Only one stretch of the data below should be repeated: the lines from the line containing "Мейджик отзывы. Magic" through the line containing "Seeing the harbor in Lausanne, Switzerland", inclusive, exactly as they are.

◆ **DATASET EXCERPTS**:
· · · ·

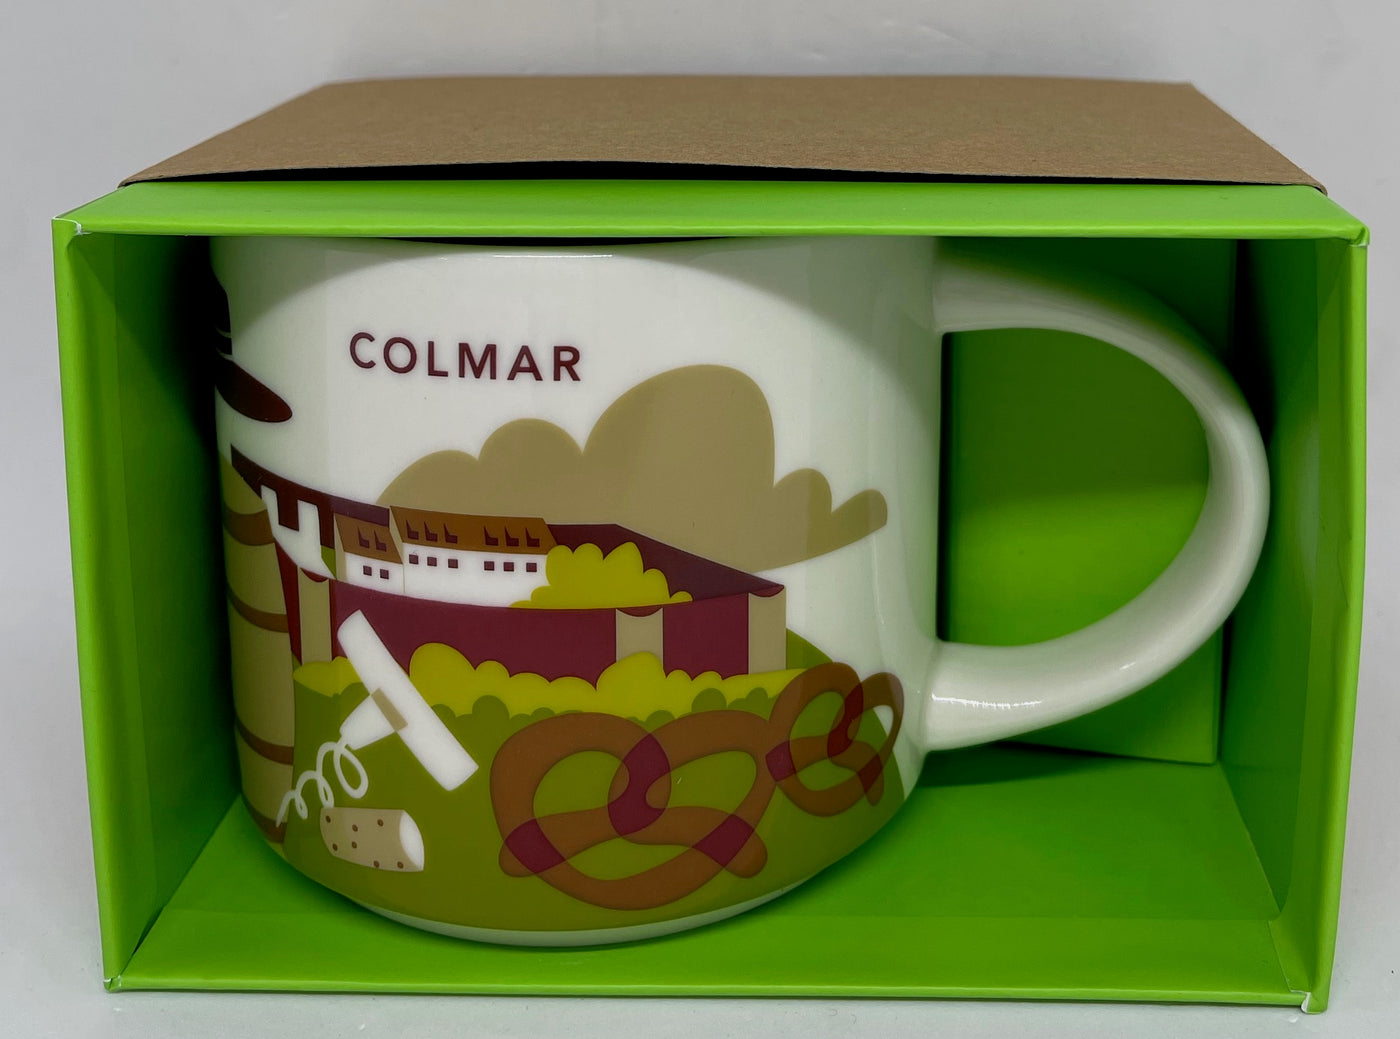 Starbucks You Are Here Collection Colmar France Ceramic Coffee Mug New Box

· · · ·

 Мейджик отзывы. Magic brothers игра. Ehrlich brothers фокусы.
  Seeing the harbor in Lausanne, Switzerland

· · · ·

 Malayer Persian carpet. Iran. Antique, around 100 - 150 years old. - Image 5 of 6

· · · ·

◆ **ANSWER SECTION**:
 Мейджик отзывы. Magic brothers игра. Ehrlich brothers фокусы.
  Seeing the harbor in Lausanne, Switzerland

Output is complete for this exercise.